Biologic injectables: The gold standard of precision

Biologic DMARDs targeting TNF, IL-17, or IL-23 remain the cornerstone for preventing structural damage. The primary trade-off here is the "administration burden" versus "molecular potency."^1,2,5

IL-17 and IL-23 inhibitors

These have largely overtaken TNF inhibitors for patients with significant skin involvement. Recent head-to-head data suggest that IL-17 inhibitors provide superior skin clearance while maintaining robust joint efficacy.^1,2,5

Structural preservation

For patients with aggressive, erosive disease, biologics offer the most robust evidence for slowing radiographic progression.

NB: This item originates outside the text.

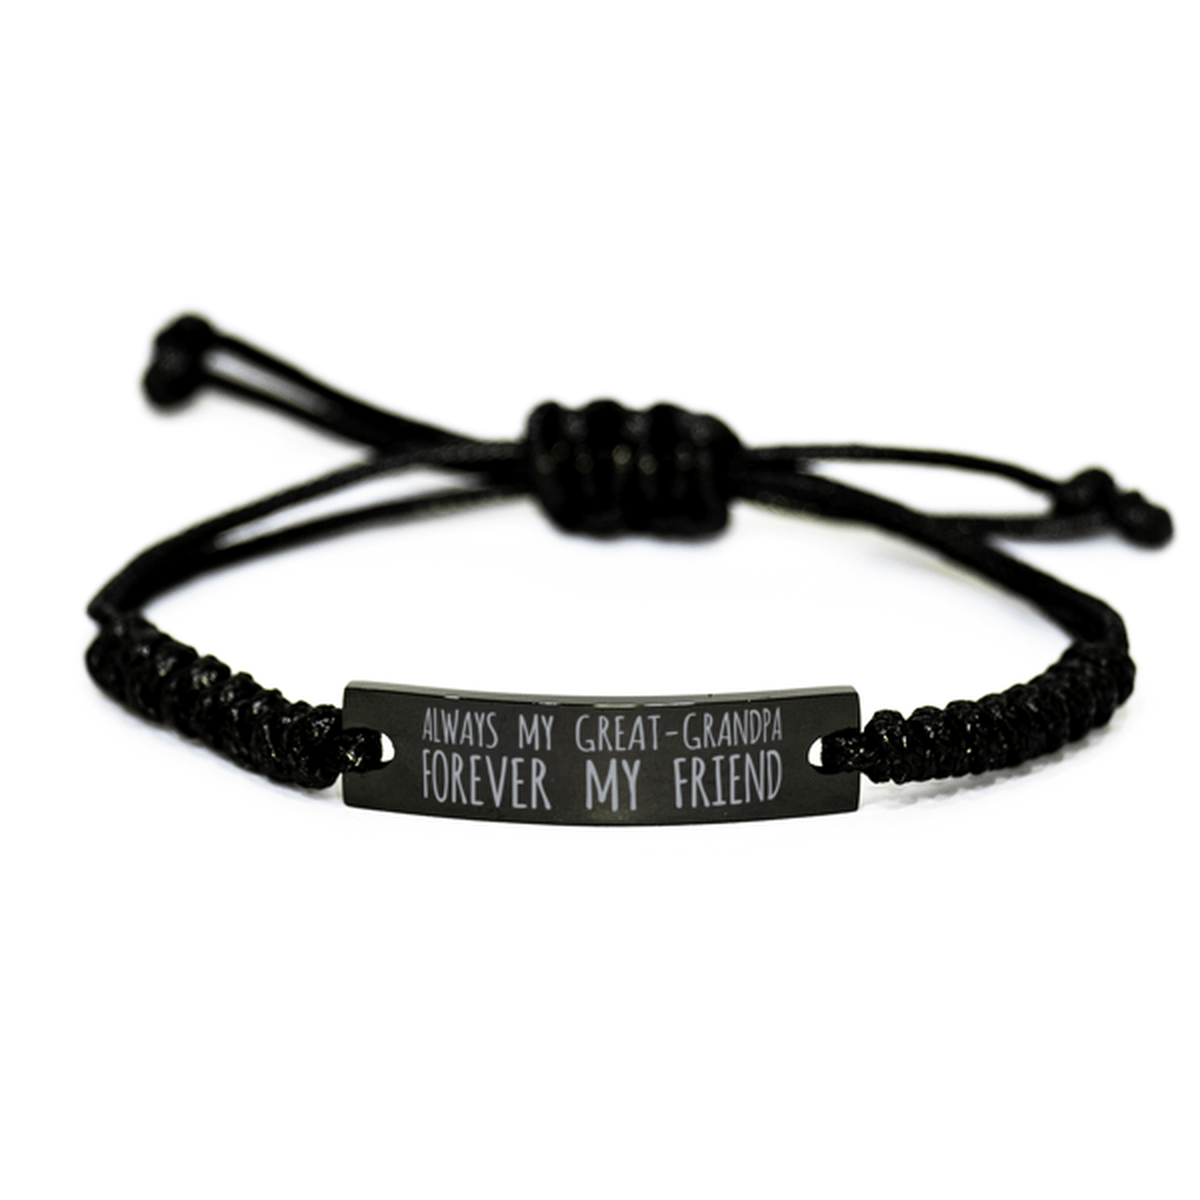 Inspirational Great Grandpa1 Black Rope Bracelet, Always My Great Grandpa1 Forever My Friend, Best Birthday Gifts For Family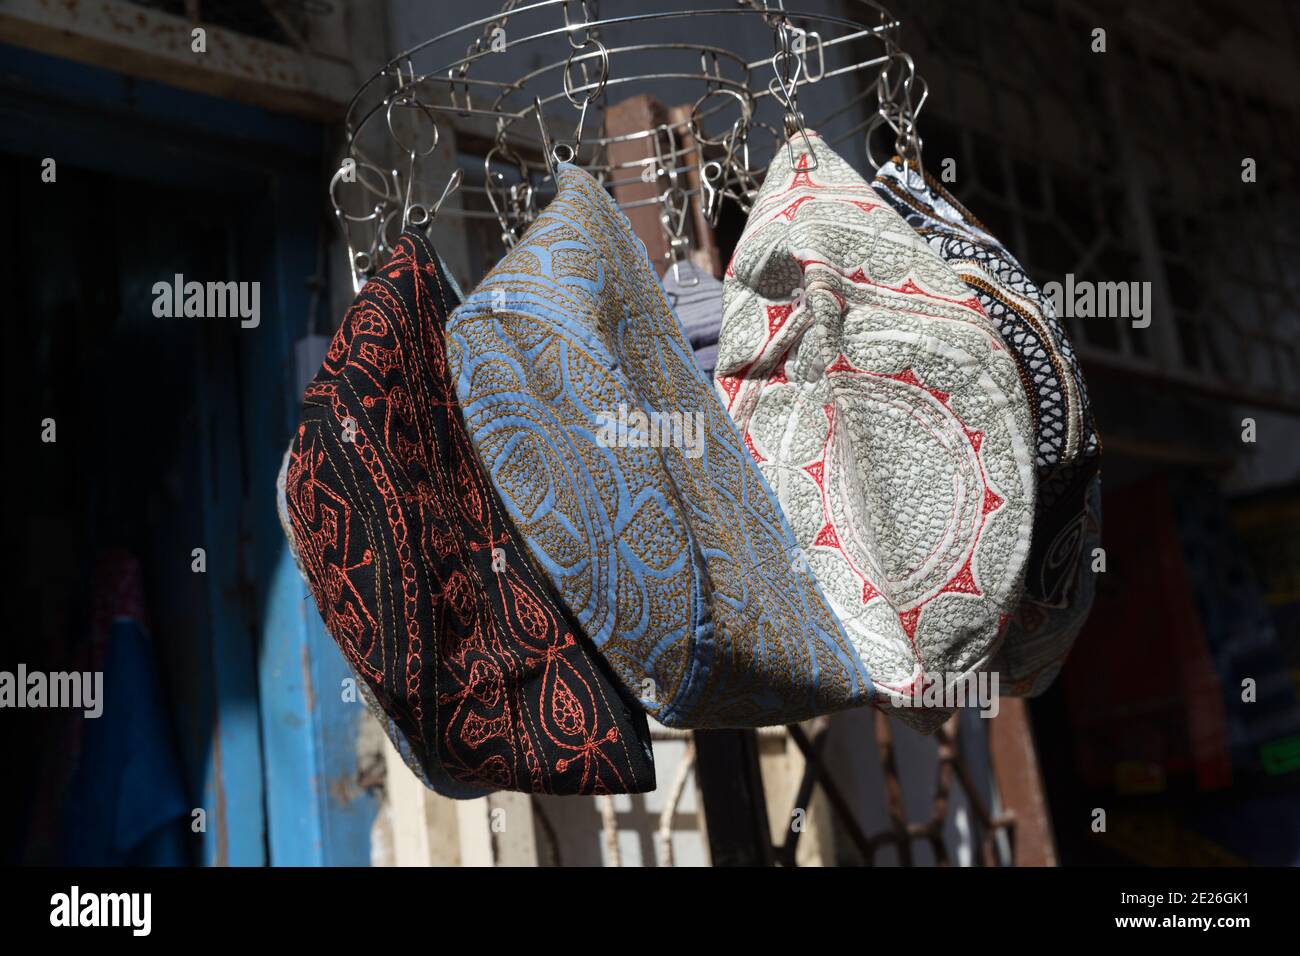 Kofia Hats For Sale In The Market Stock Photo

The long half-lives of many injectables also allow for dosing schedules ranging from every 2 weeks to once every 3 months, which can paradoxically improve adherence compared to a daily pill.^1,2,5

The safety paradox and the "black box"

Perhaps the most significant trade-off currently facing clinicians is the safety profile of JAK inhibitors. Following the ORAL Surveillance study, the FDA and EMA have implemented warnings regarding the risk of major adverse cardiovascular events (MACE) and thromboembolism in high-risk patients.⁶

This necessitates a more rigorous screening process. A biologic might be the "safer" trade-off for an older patient with cardiovascular risk factors, whereas a JAK inhibitor might be the "preferred" trade-off for a younger, active patient who prioritizes the convenience of a pill and has no baseline risk.⁶

However, the emergence of highly selective TYK2 inhibitors may shift this risk-benefit calculation. By targeting the regulatory domain of TYK2 rather than the catalytic domains of JAK 1, 2, or 3, these molecules aim to avoid the off-target effects associated with MACE and VTE, providing a cleaner safety profile while maintaining oral convenience.⁴

Considering patient preference

This divergence in priorities is reflected in current utilization trends. Real-world data from Health Union’s PsA 2025 In America survey reveals a significant split in how patients manage their disease burden: 60.5 percent of survey respondents currently use biologics, which are typically administered via injection, while 34.1 percent rely on non-biologic oral treatments.^1,7

Some biologics are administered as infusions rather than injectables. Infusions may have better bioavailability and also better coverage by certain insurance plans, such as Medicare, which affects decision-making as well.

These figures underscore the importance of the shared decision-making process. Ultimately, these statistics remind clinicians that the "best" therapy on paper is only effective if it aligns with the patient's lived experience and willingness to adhere to the regimen.^1,7

Each patient will be different

Navigating the choice between systemic orals and biologic injectables requires the clinician to move beyond a "one-size-fits-all" algorithm. Biologics continue to lead in terms of long-term structural data and specific pathway targeting (especially IL-17/23 for skin). However, targeted orals offer a level of convenience and rapid onset that aligns with the modern patient’s lifestyle, provided the cardiovascular risk profile is managed.^1,2

Ultimately, the "best" therapy is the one the patient will consistently take and can tolerate without side effects. And in PsA, we are fortunate to have a toolkit that allows for that level of personalization.